Smyth & Hoult (2000) point out that research evidence shows that home treatment is safe, effective and feasible for up to 80% of patients presenting for admission to hospital. They emphasise the addressing of social issues surrounding the crisis right from the beginning and the provision of practical, problem-solving help. Crisis resolution clearly has a role within an integrated comprehensive strategy.

I think it is important to note how resistance to home treatment is tied to conceptual issues about mental illness. Home treatment challenges the "medical model". Its mode of intervention emphasises flexibility and social networks. There is less stress on individual disease presentations. The Bradford Home Treatment services, for example, specifically identifies its philosophy as influenced by the social model of mental illness and patient directed care (Bracken & Thomas 1999).

What is to be done ?

What can be done about the current situation in psychiatry? I think we actually need to be sensitive to psychiatry's defensiveness.

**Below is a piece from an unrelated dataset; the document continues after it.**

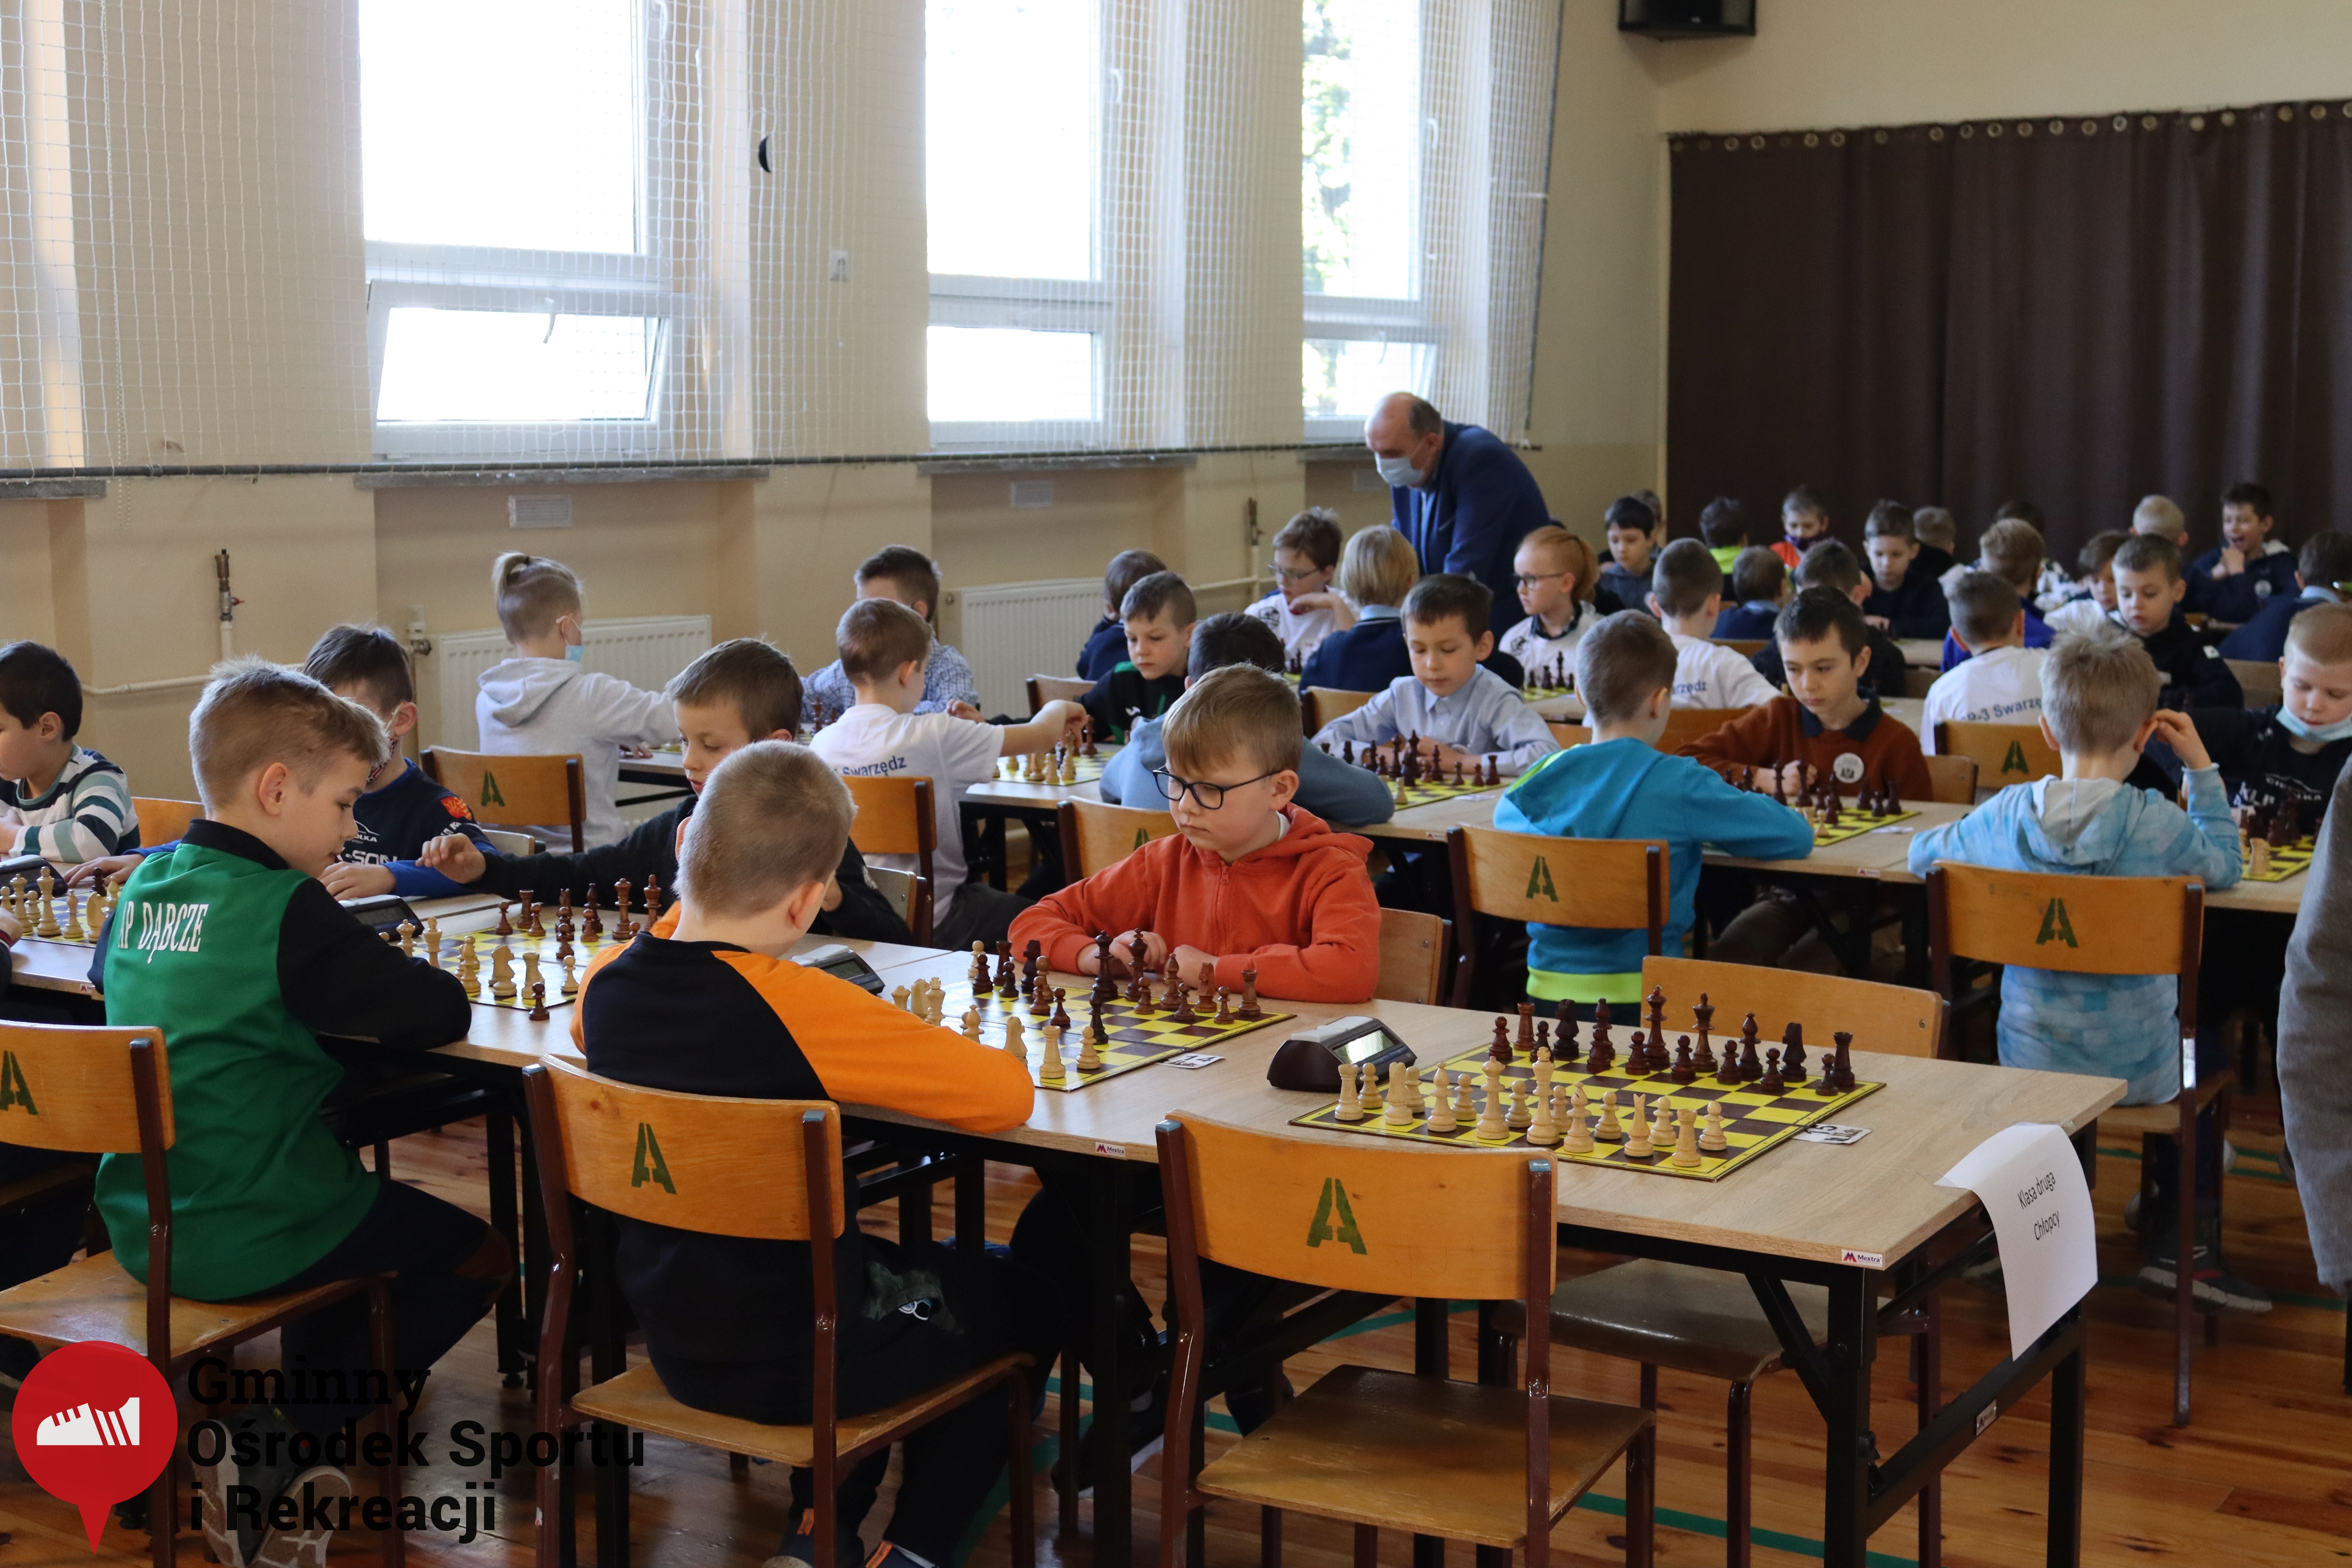 2022.03.12-13 Turniej szachowy - Edukacja przez Szachy025.jpg - 1,98 MB

Not that I am excusing poor practice, but I do not think that poor practice is always deliberately and consciously motivated. Fundamental training is required to make services personal and humane. Biomedical psychiatrists think I need retraining. Maybe I do, we all need to continue learning and developing personally but I also think there is a need for psychiatry itself to retrain and re-educate itself, and this is not going to be an easy process.